El resultado de las elecciones de este martes en EE.UU. sea el que sea va a demostrar que cada día los ciudadanos estadounidenses y del resto de países occidentales viven más alienados de la vida política interna de sus países y de la democracia en la que los políticos tradicionales tratan de hacerles ver que viven. En Europa, como suele ser habitual en las citas electorales estadounidenses, existe una tendencia a creer que los americanos van a tumbar con su voto las políticas de Trump. Desde aquí es muy fácil decirlo porque, por un lado, no vivimos en el acelerón económico de los EE.UU o porque nuestra tasa de paro no es la más baja de los últimos 50 años como allí sí que ocurre; o por otro lado, porque las elites económicas tratan de hacernos creer una realidad estadounidense que no se corresponde.
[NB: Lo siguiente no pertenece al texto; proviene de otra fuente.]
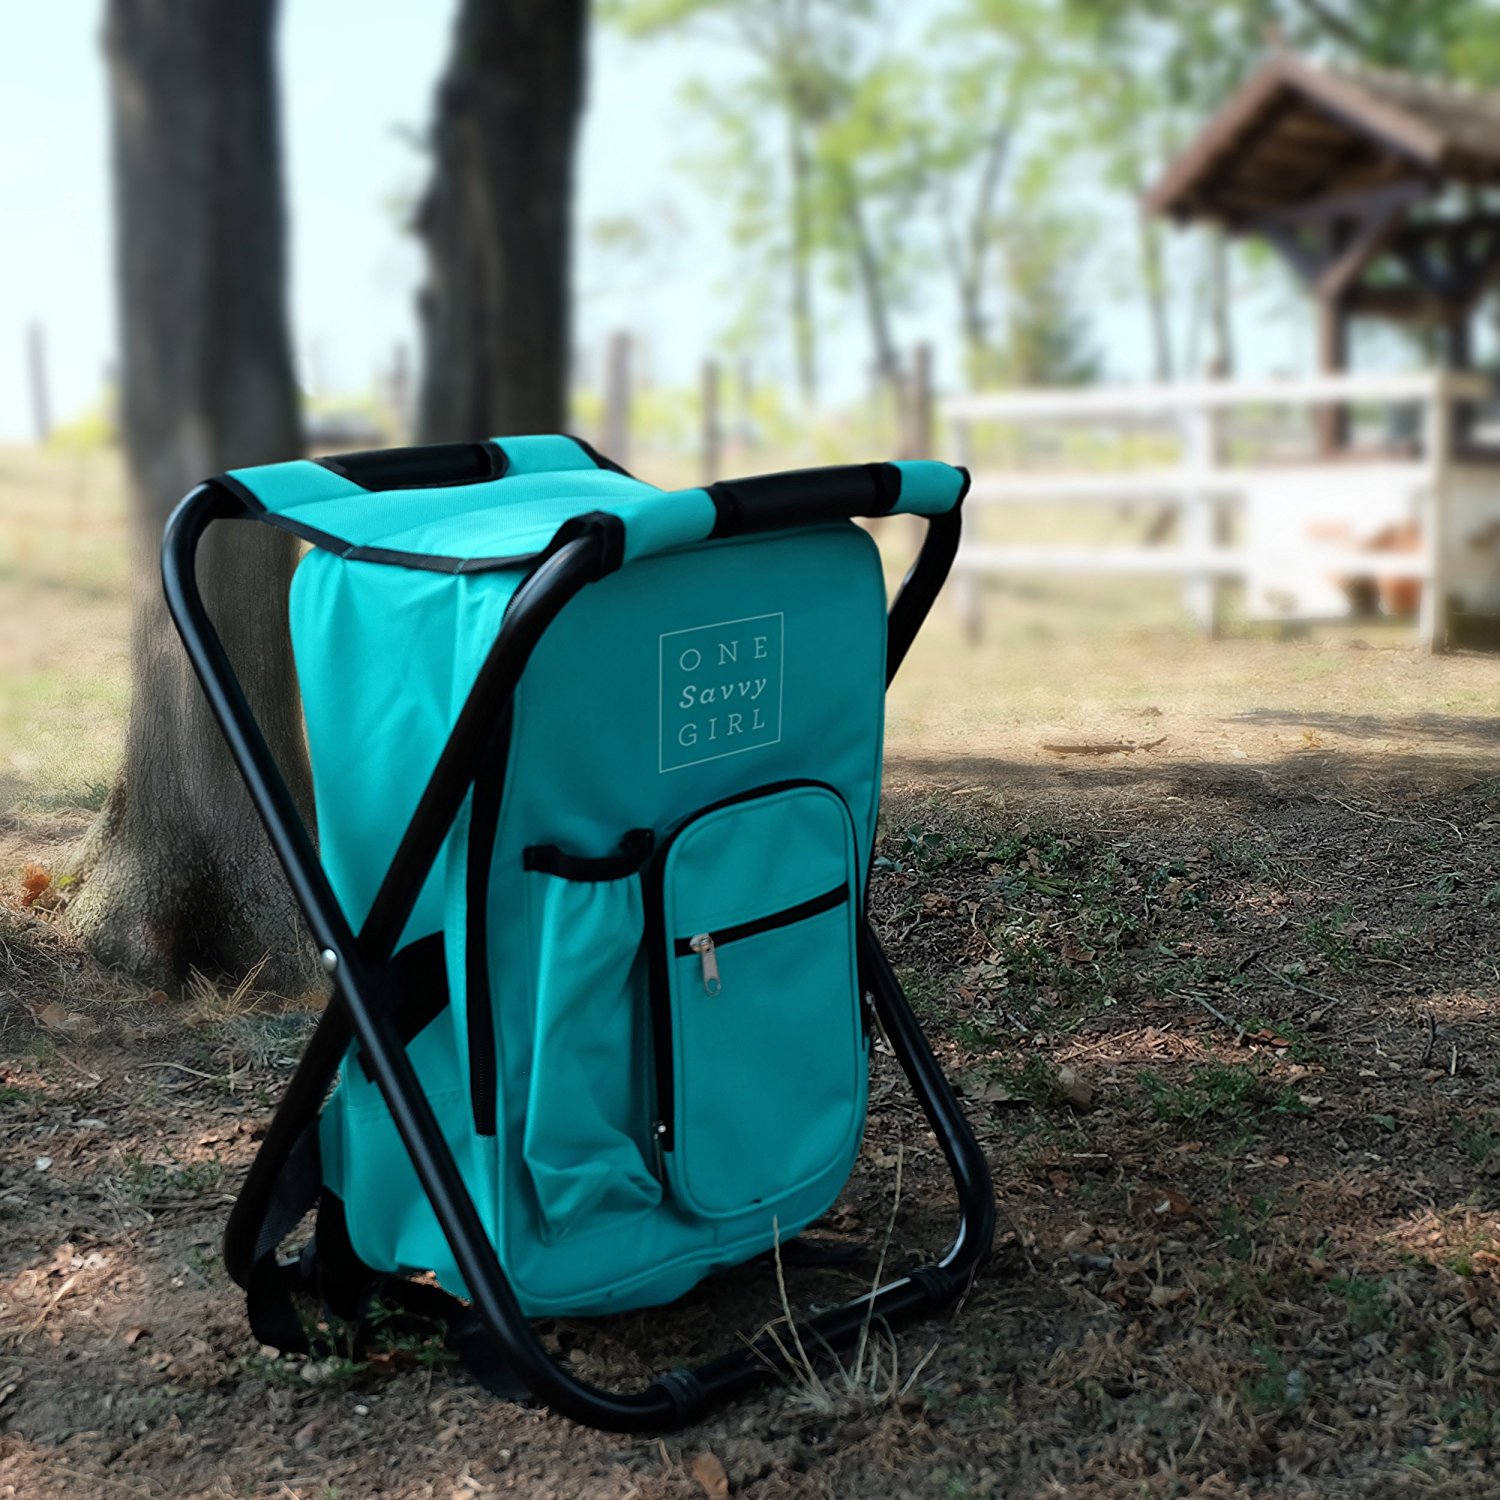 Review of One Savvy Girl Ultralight Backpack Cooler Chair - Compact Lightweight and Portable Folding Stool

En Europa se considera que Trump es una disfunción democrática, como aseguran no pocos analistas políticos o los propios políticos. El problema de esta observación es su carácter simplista que obvia en cualquier caso hacer un profundo análisis de porqué los ciudadanos se inclinan por un candidato que parece representar todo contra lo que se había estado luchando en los últimos 70 años. Dos profesores británicos, Roger Eatwell y Mathew Goodwin, han escrito recientemente un libro titulado “National Populism” (“Populismo Nacional”) donde identifican las “cuatro D” que según ellos están detrás del auge del populismo. En primer lugar, se refieren a la “destrucción” de la política tradicional por una nueva forma de hacer política más irreverente y políticamente incorrecta.

También hablan de “desconfianza” hacia las élites establecidas, ya sean políticas o económicas. Para una gran mayoría de votantes de partidos de corte populista, los partidos tradicionales no representan la voluntad de la mayoría ciudadana, esencia de cualquier democracia, sino los intereses de una oligarquía empresarial y financiera. En este sentido, uno podrá pensar que Trump como millonario que es no representa a la mayoría de los ciudadanos de su país. Sin embargo, es un líder que ha sabido conectar con una mayoría de votantes porque dice y piensa como ellos. Trump arremete en numerosas ocasiones hacia los medios de comunicación porque sabe que sólo el 11% de sus seguidores cree lo que periódicos, revistas o televisiones cuentan. Frente a ese dato, un 91% de ellos sí que se cree a pies juntillas los mensajes que su presidente les traslada.

La tercera D que argumentan los dos escritores es la de la “degradación” fruto de las consecuencias de la mayor crisis económica y financiera de los últimos 50 años. El empobrecimiento de amplias capas de la población, el aumento del paro en sociedades como la española, italiana o griega ha incrementado la desconfianza hacia los partidos convencionales y a otros fenómenos como el auge de la llegada de inmigrantes. Finalmente, el “desajuste” de la política implica el abandono de los votantes a sus partidos tradicionales. Ese fenómeno se vio hace cuatro años en España con la transferencia de votos del PSOE a Podemos o a Ciudadanos y actualmente se repite en el ámbito de la derecha, donde VOX podría ser la formación que rentabilizaría mejor que nadie dicha tendencia. El problema como puede verse no estaría en Trump, Tsipras, Salvini o Bolsonaro. Es anterior a todos ellos y no vale con ponerse la venda antes que la herida. Si los partidos tradicionales no quieren acabar siendo devorados deberían aprender de los errores cometidos.